Dataset entries:
--- START ---
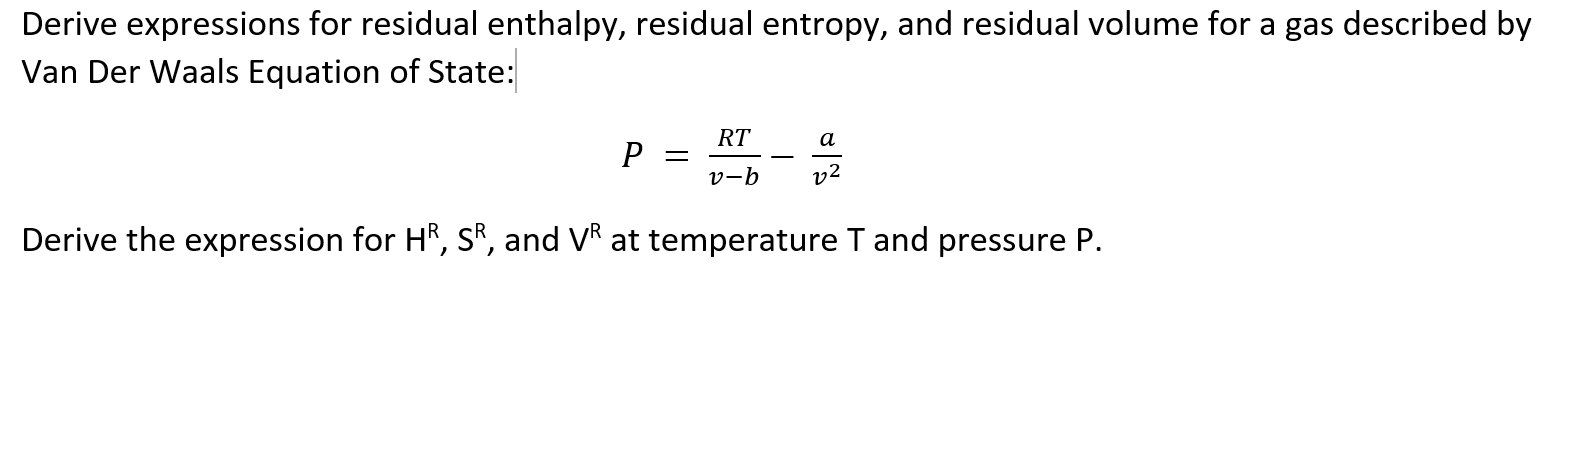 Solved Derive expressions for residual enthalpy, residual | Chegg.com
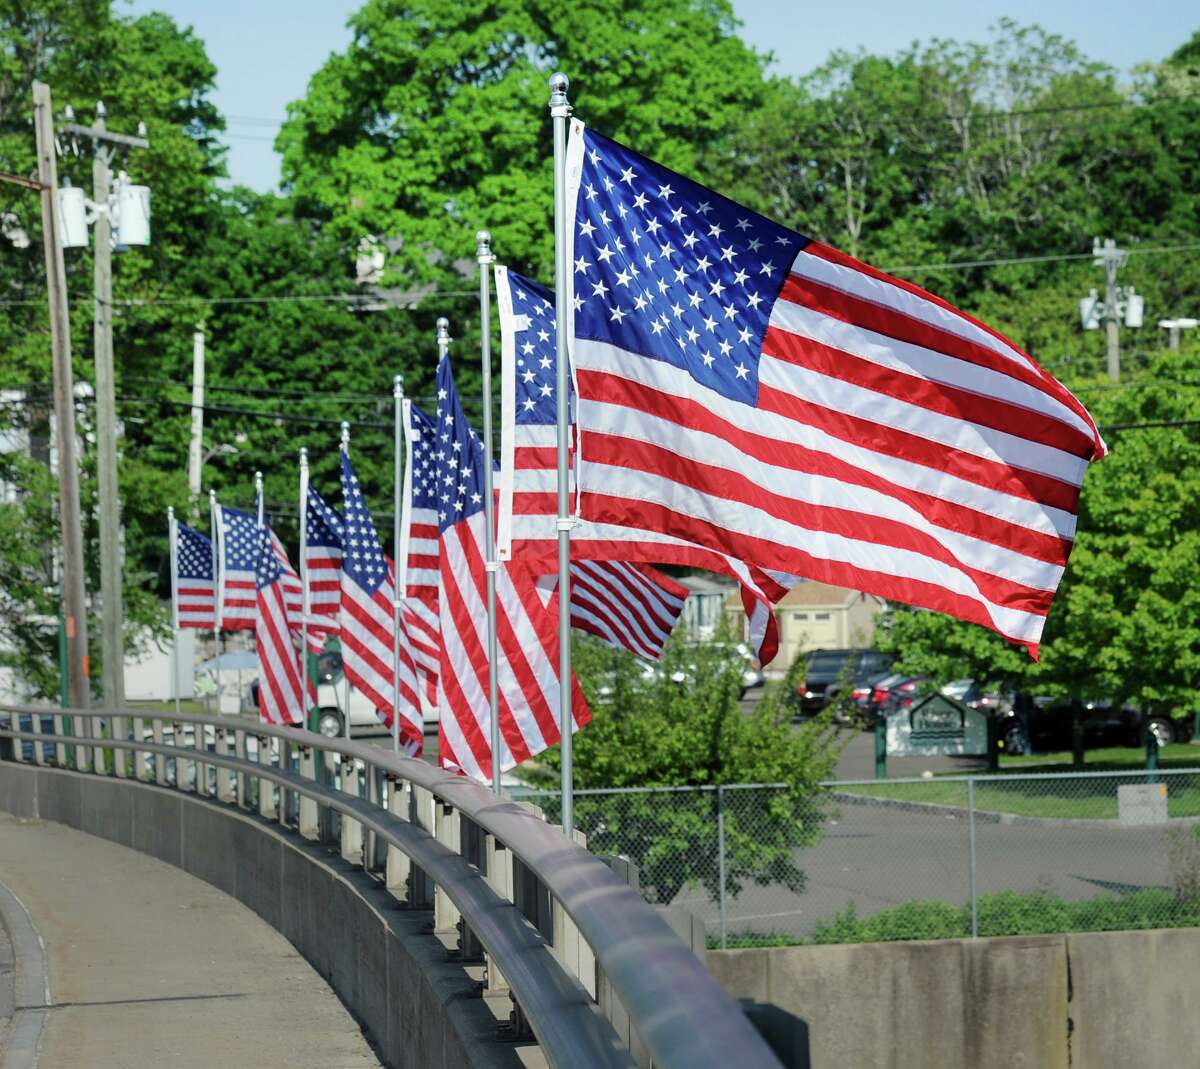 The American flags are up on the David N. Theis Memorial Bridge that spans the Mianus Waterway in Greenwich, Conn., Friday, May 25, 2018. A similar program could be coming to Greenwich Avenue this summer.
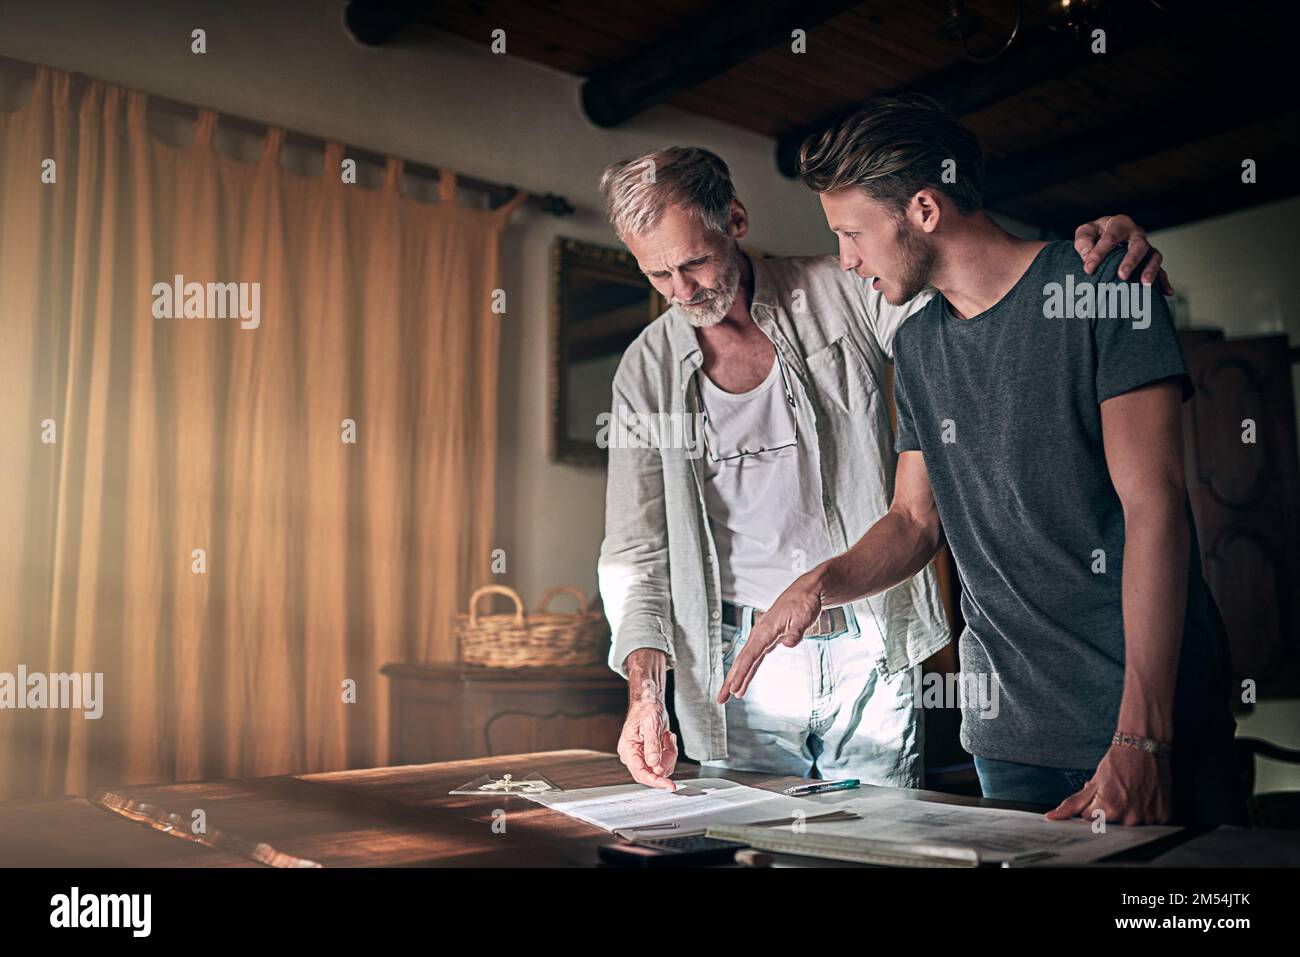 Getting advice from an old pro. a father and his son working on a design for their family business at home. Stock Photo
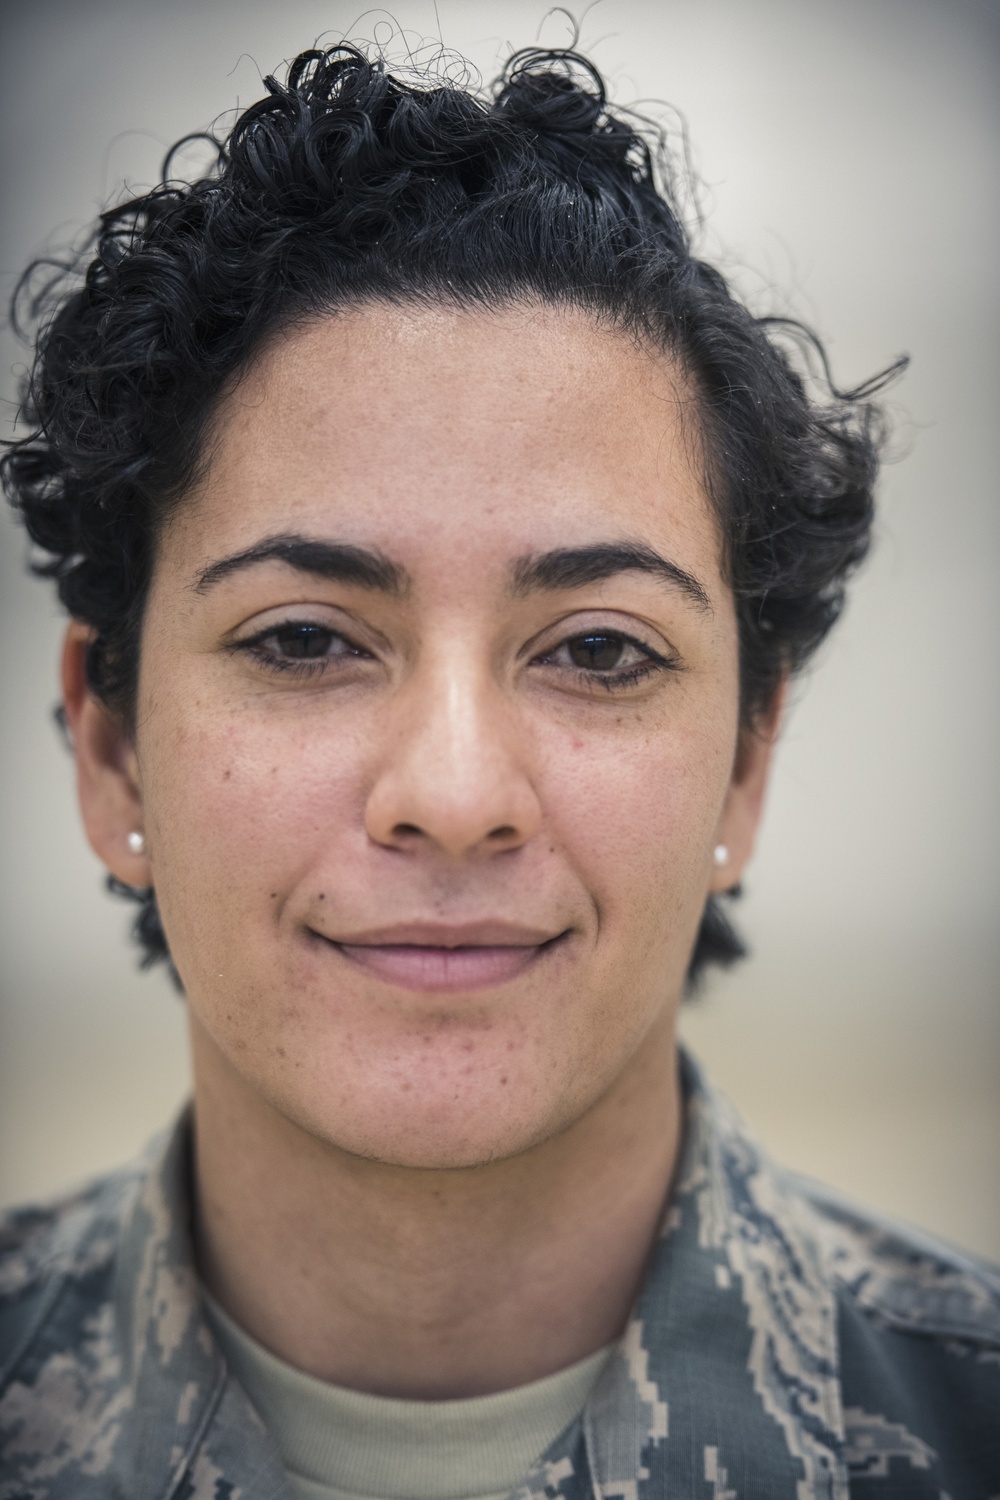 Staff Sgt. Marcee Lettinga: &quot;Family Vibe&quot; defines service in Michigan Air National Guard
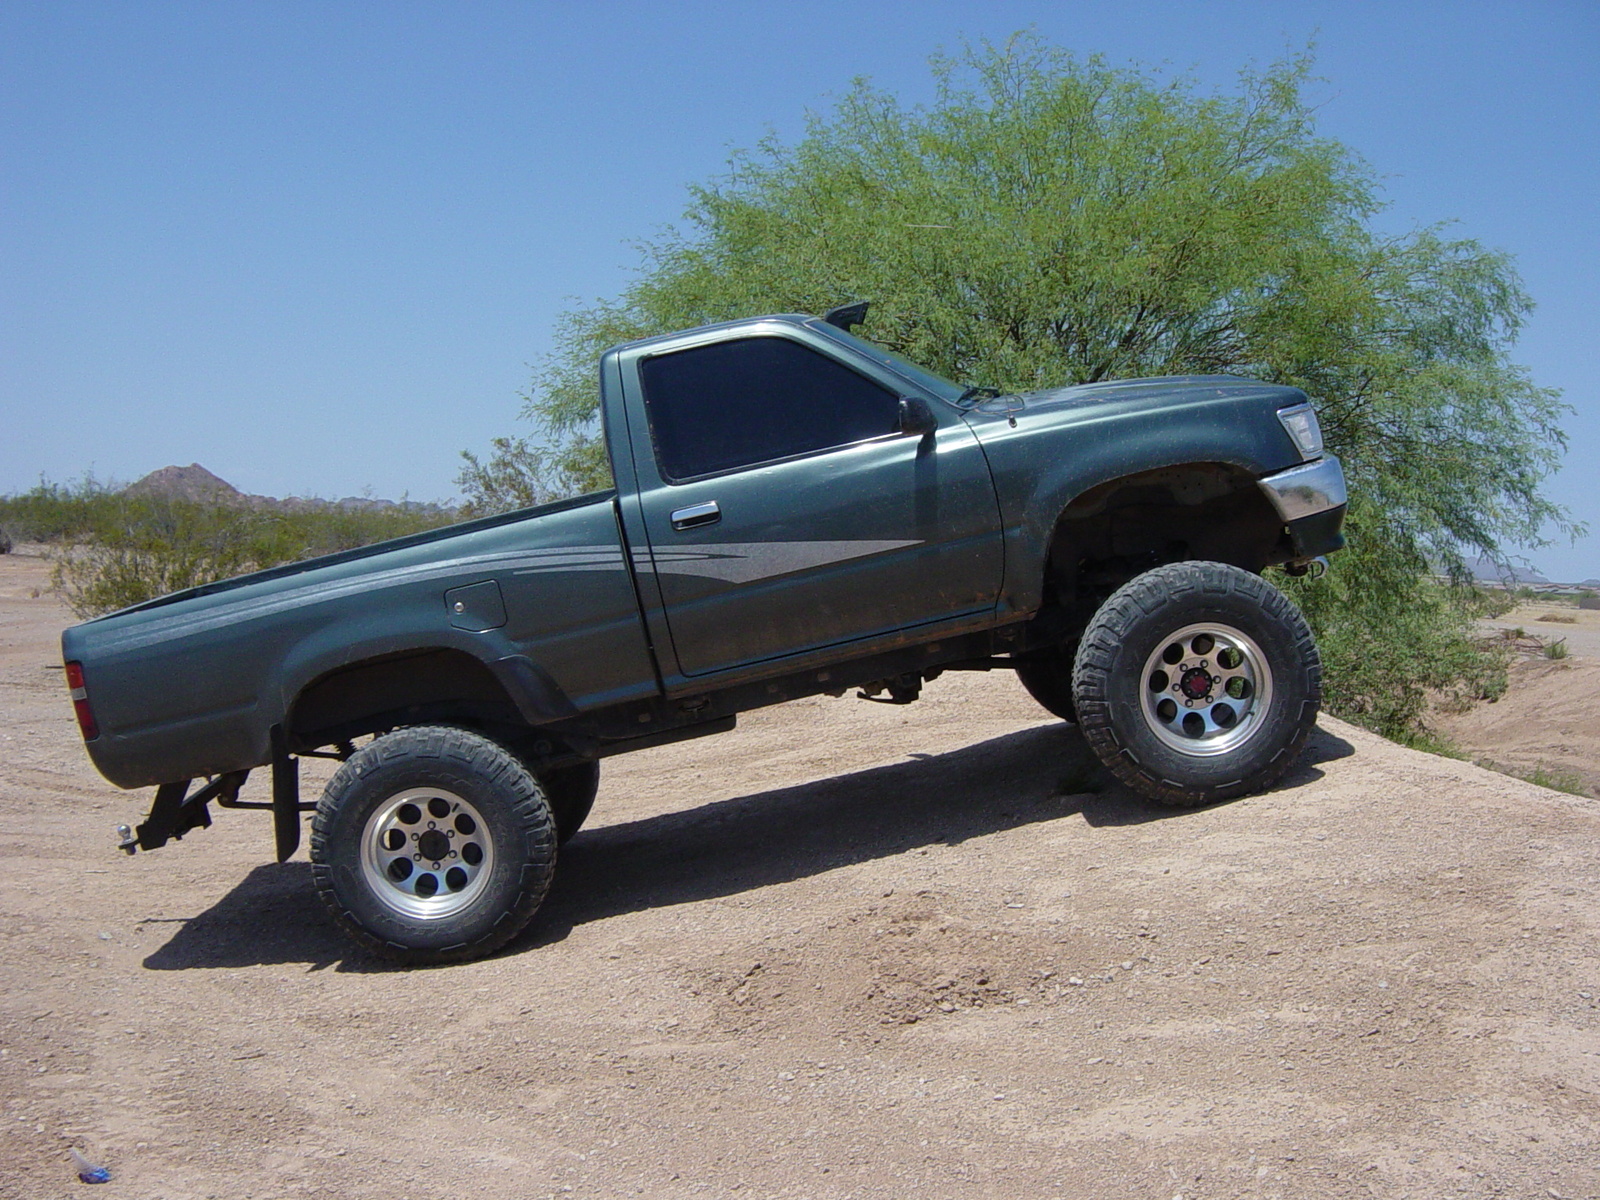 1993 Toyota pickup bed size
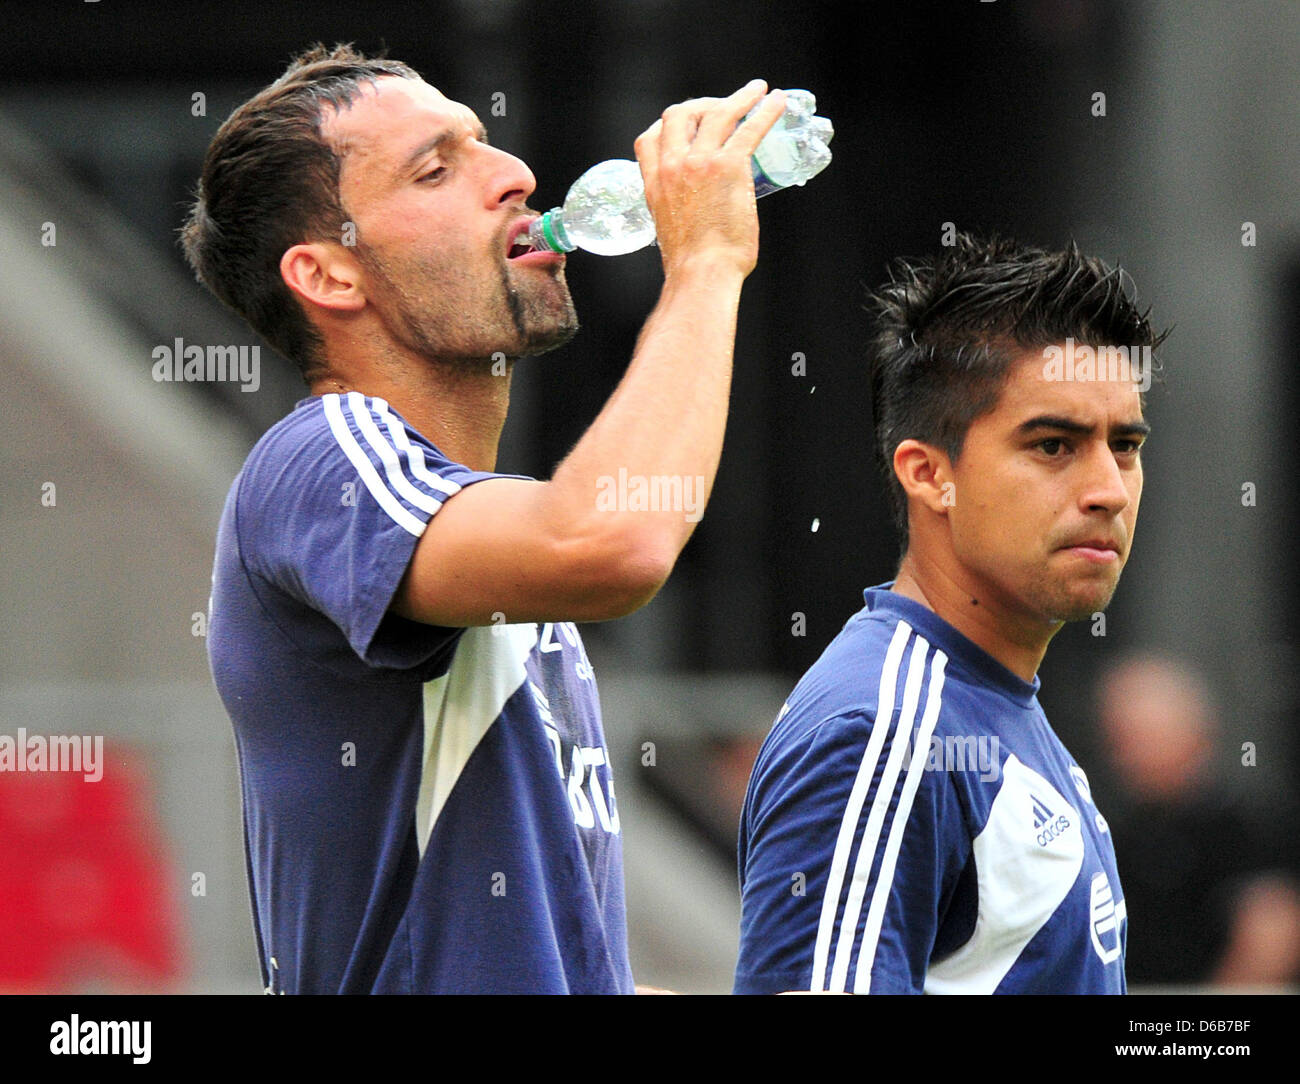 Dynamo Moscow's Kevin Kuranyi (L) and Christian Noboa practices at the Mercedes Benz Arena in Stuttgart, Germany, 21 August 2012. VfB Stuttgart will play Dynamo Moscow in the first leg of the fourth round of the qualifications for the Europa League on 22 August 2012. Photo: JAN-PHILIPP STROBEL Stock Photo
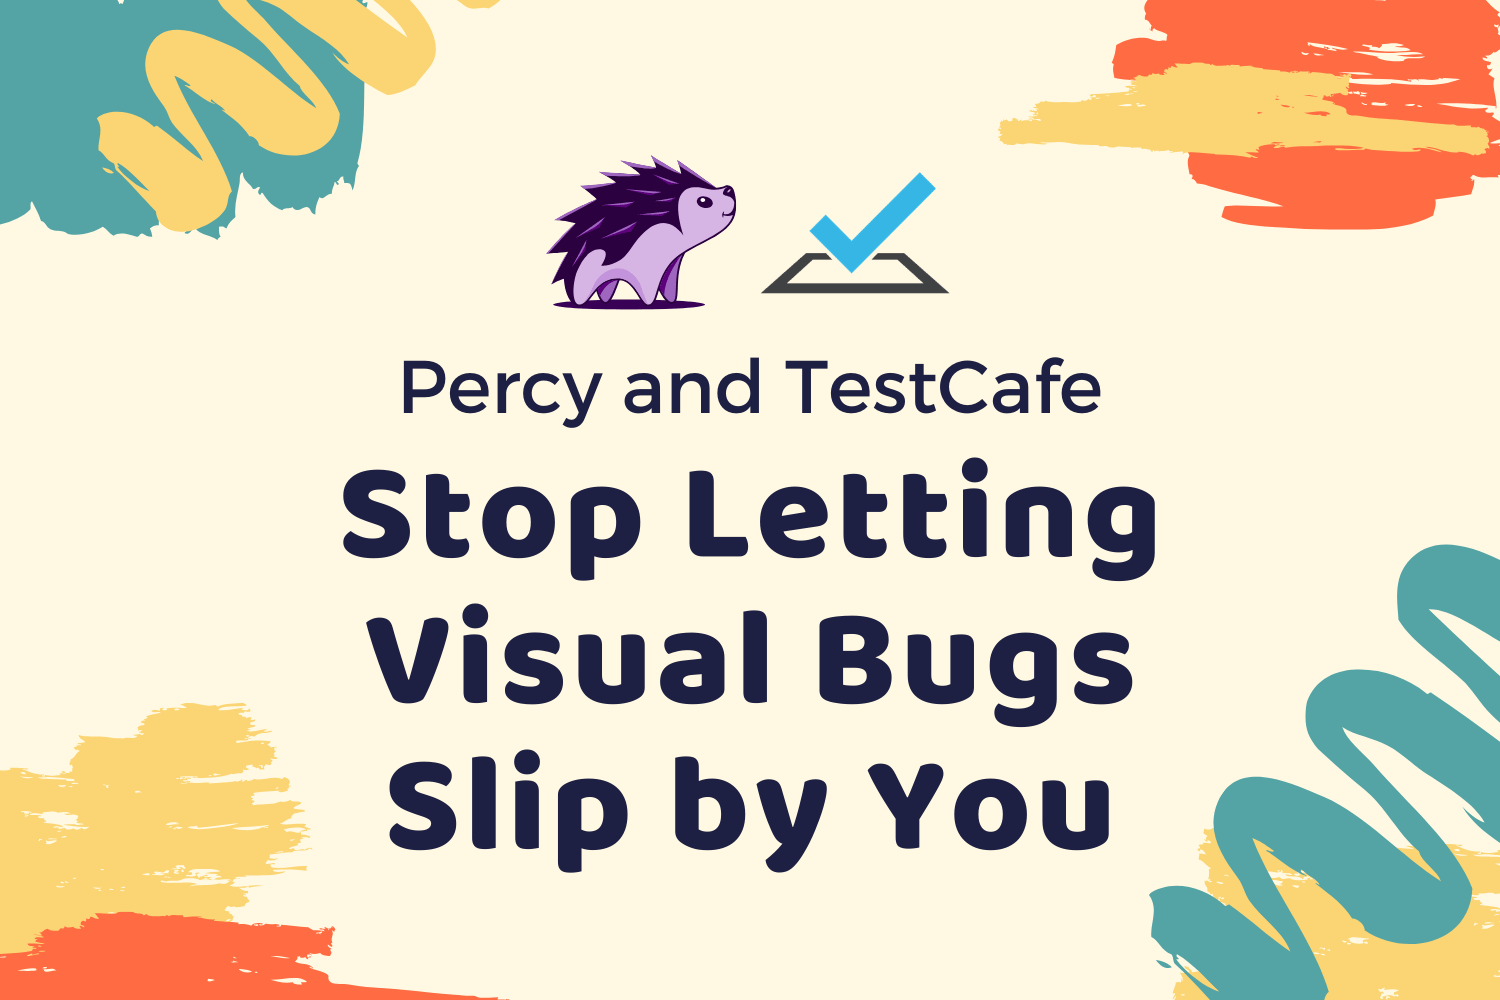 Percy and TestCafe: Stop Letting Visual Bugs Slip by You
--- END ---
--- EXERCISE DIRECTIONS ---
Give back all the data exactly, minus pictures.

--- EXERCISE RESPONSE ---
 Solved Derive expressions for residual enthalpy, residual | Chegg.com
 The American flags are up on the David N. Theis Memorial Bridge that spans the Mianus Waterway in Greenwich, Conn., Friday, May 25, 2018. A similar program could be coming to Greenwich Avenue this summer.
 Getting advice from an old pro. a father and his son working on a design for their family business at home. Stock Photo
 Staff Sgt. Marcee Lettinga: &quot;Family Vibe&quot; defines service in Michigan Air National Guard
 1993 Toyota pickup bed size
 Dynamo Moscow's Kevin Kuranyi (L) and Christian Noboa practices at the Mercedes Benz Arena in Stuttgart, Germany, 21 August 2012. VfB Stuttgart will play Dynamo Moscow in the first leg of the fourth round of the qualifications for the Europa League on 22 August 2012. Photo: JAN-PHILIPP STROBEL Stock Photo
 Percy and TestCafe: Stop Letting Visual Bugs Slip by You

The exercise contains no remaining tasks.